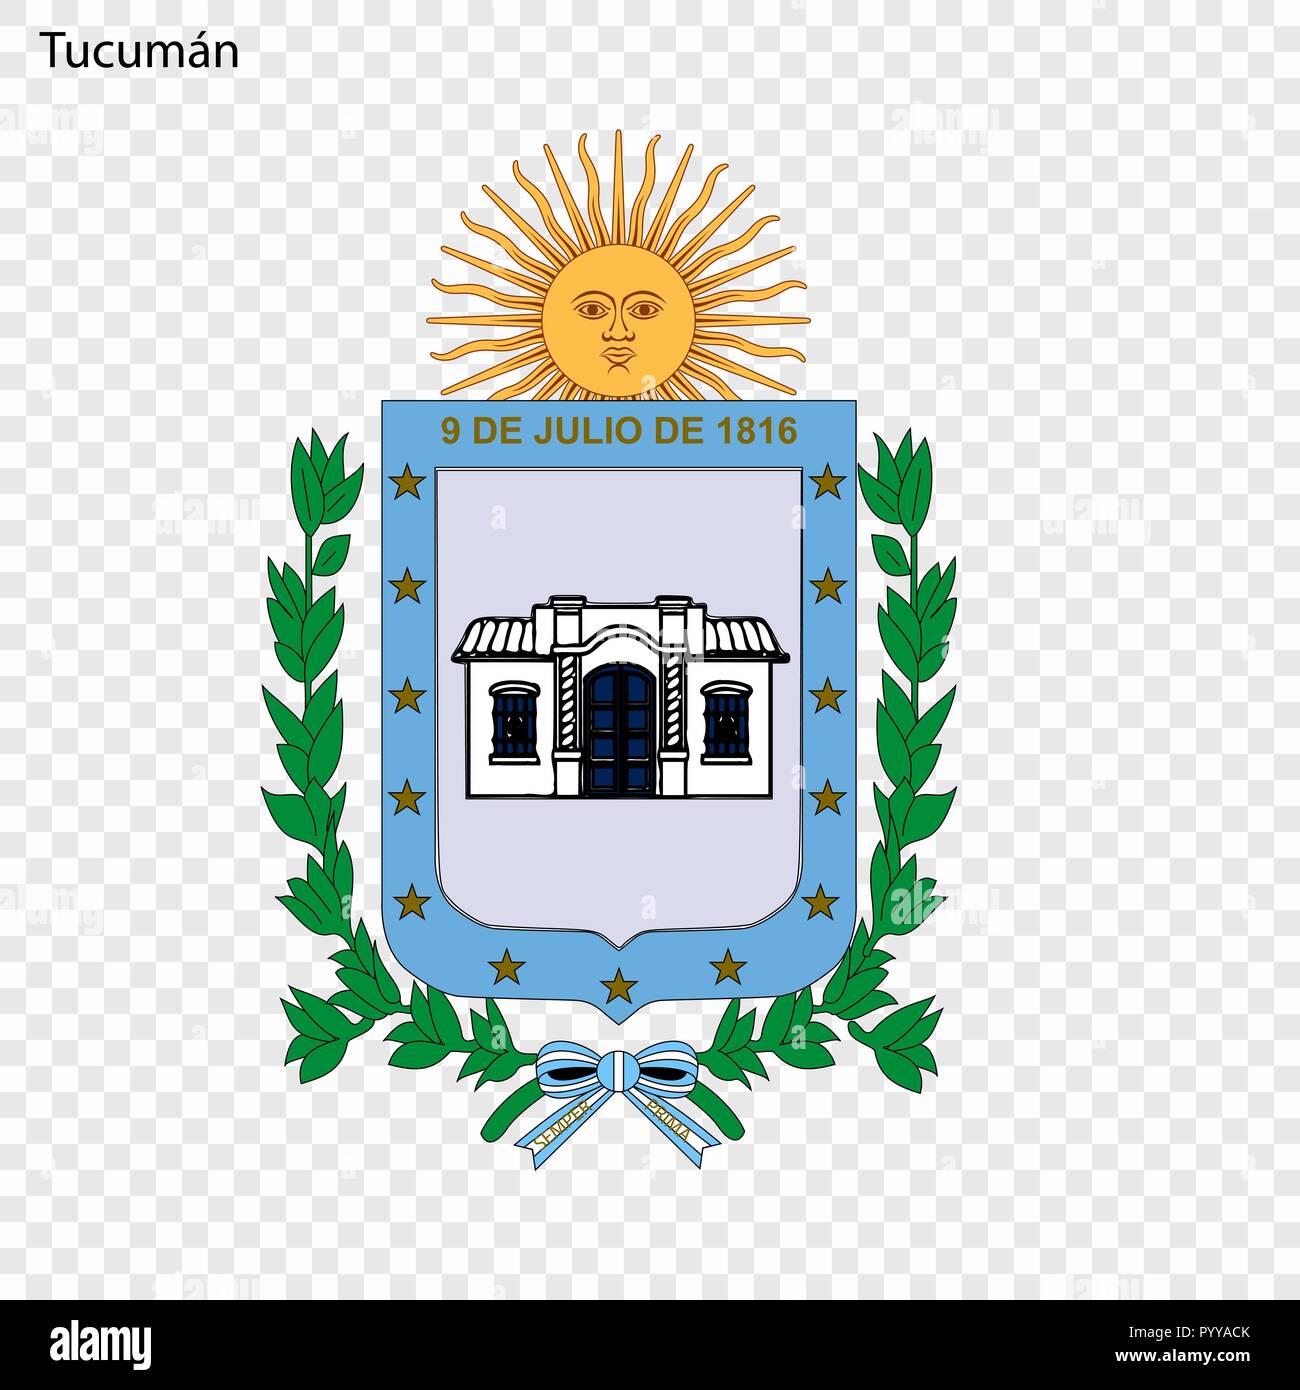 Emblem of San Miguel de Tucuman. City of Argentina. Vector illustration Stock Vector
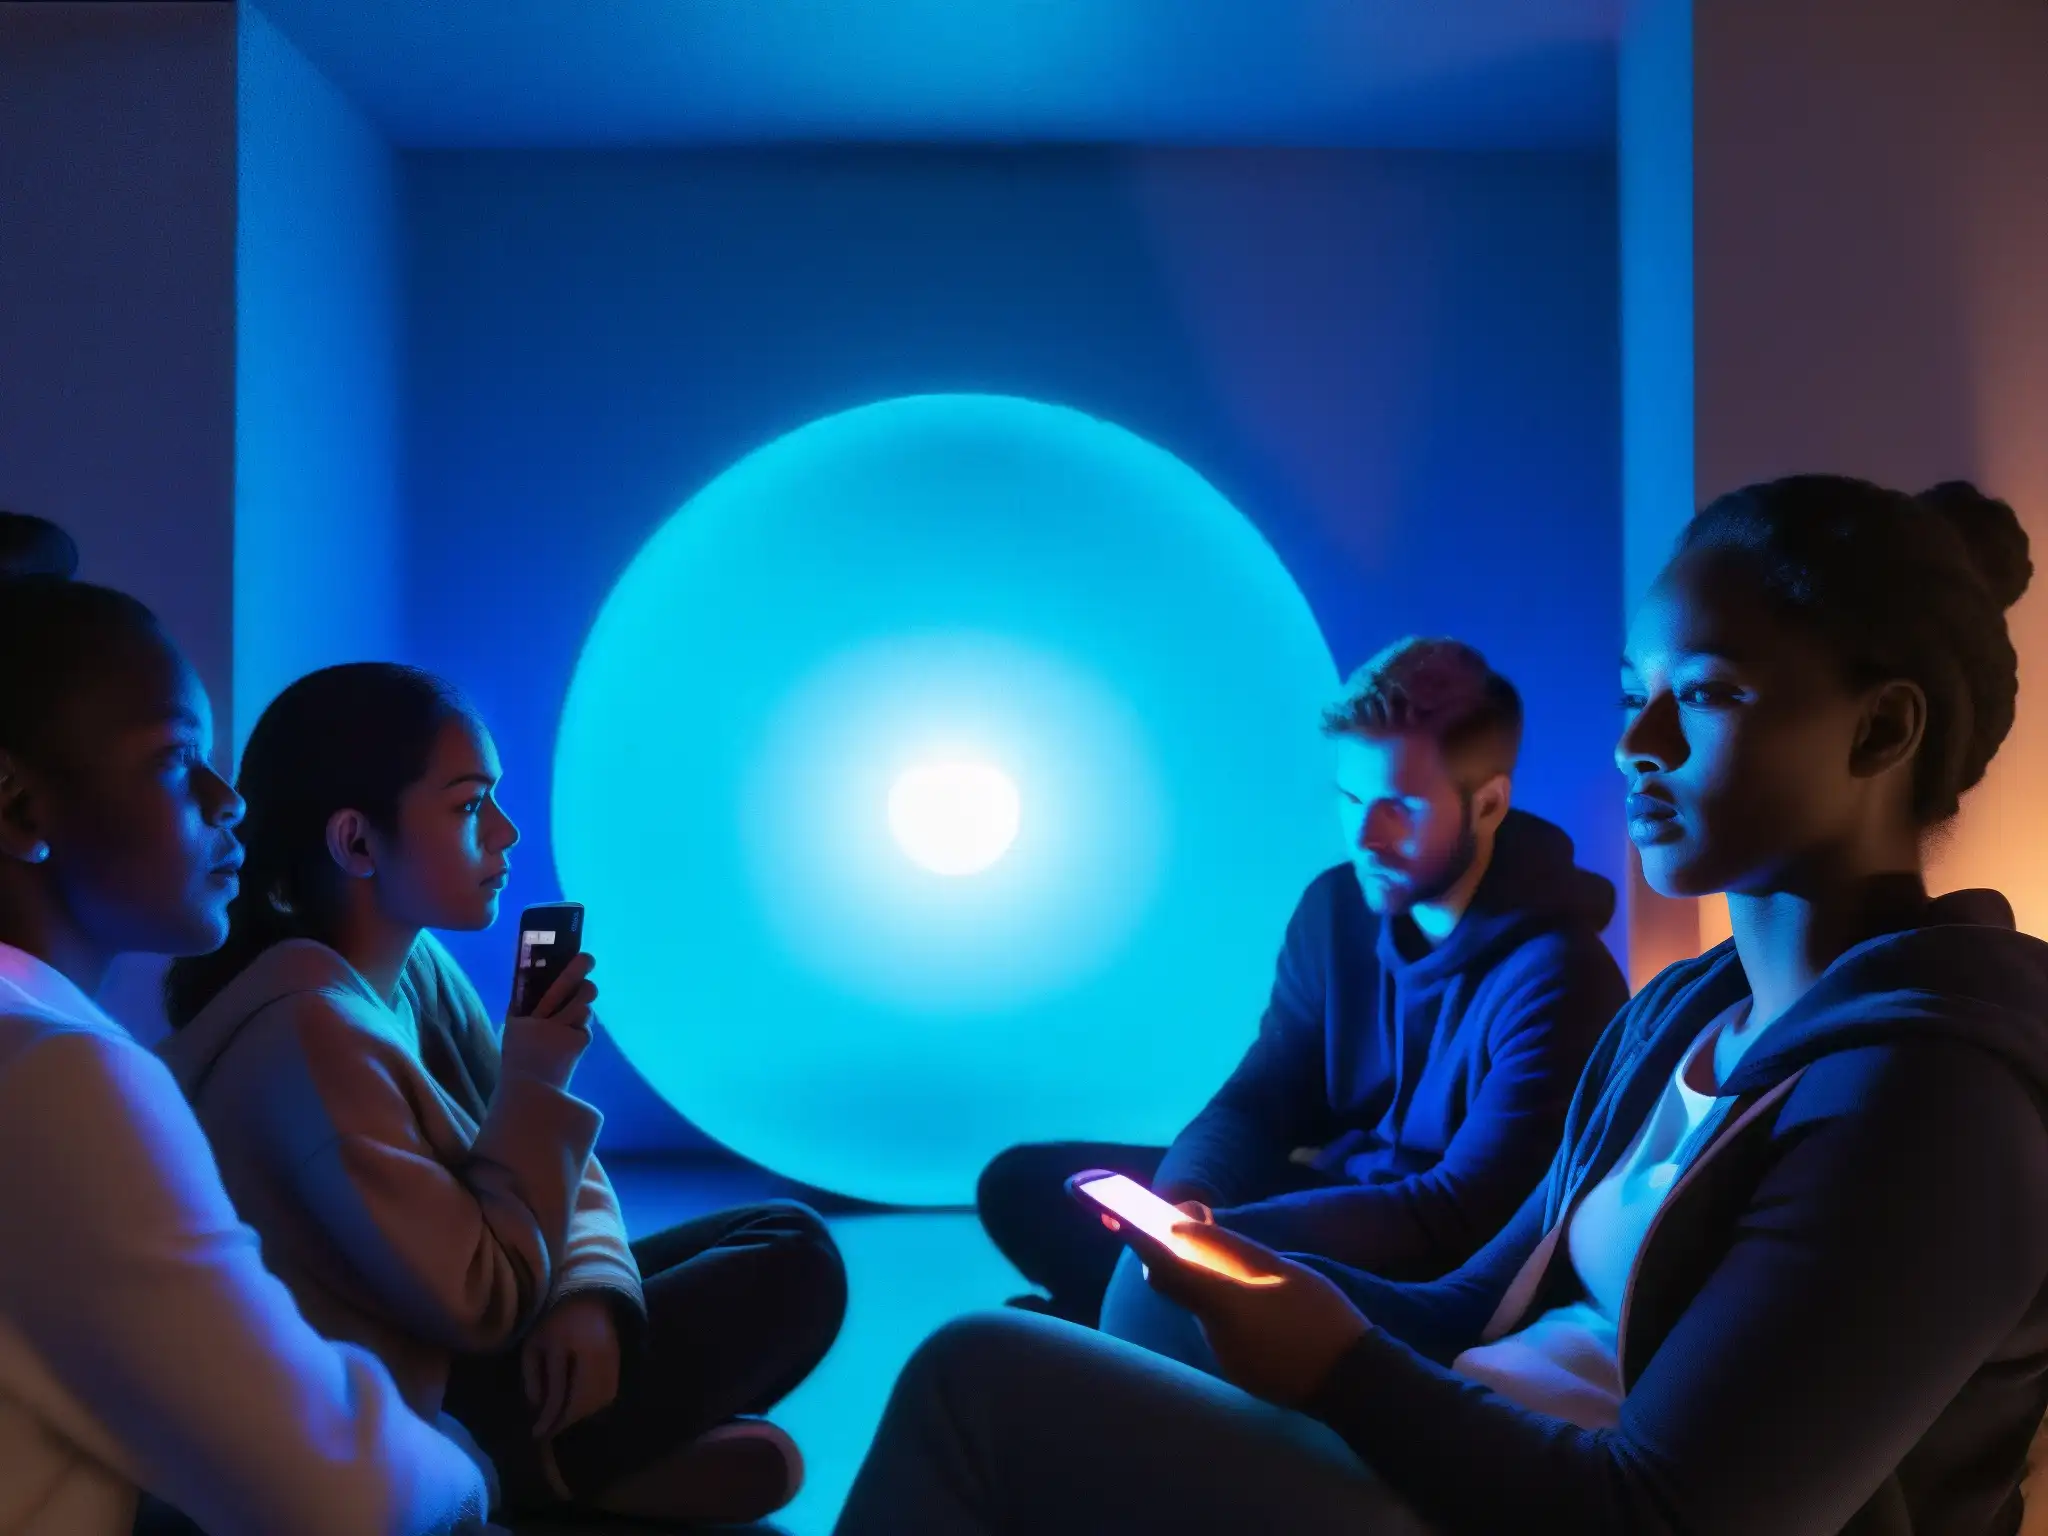 Un grupo de personas escuchando una leyenda urbana digital en una habitación tenue, capturando el fenómeno de las leyendas urbanas digitales
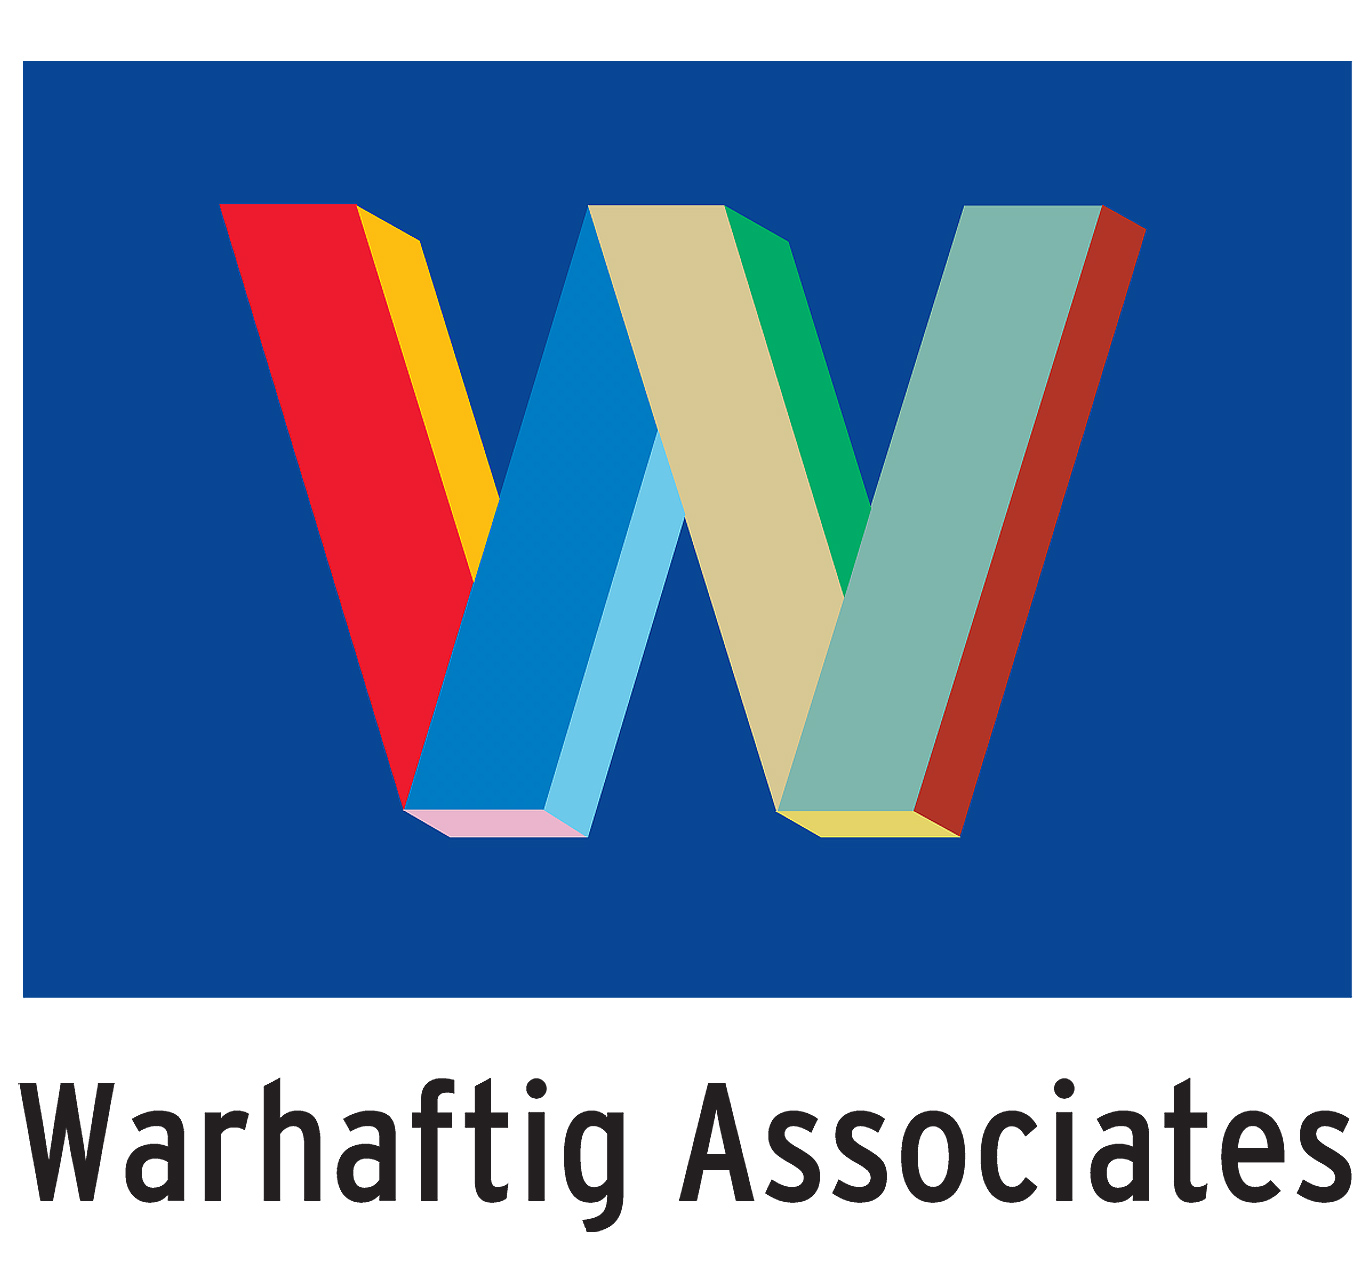 Warhaftig associates logo

========

Task: Provide a precise transcription of the listing, excluding each picture.

The answer:
 Emblem of San Miguel de Tucuman. City of Argentina. Vector illustration Stock Vector
 Un grupo de personas escuchando una leyenda urbana digital en una habitación tenue, capturando el fenómeno de las leyendas urbanas digitales
 Warhaftig associates logo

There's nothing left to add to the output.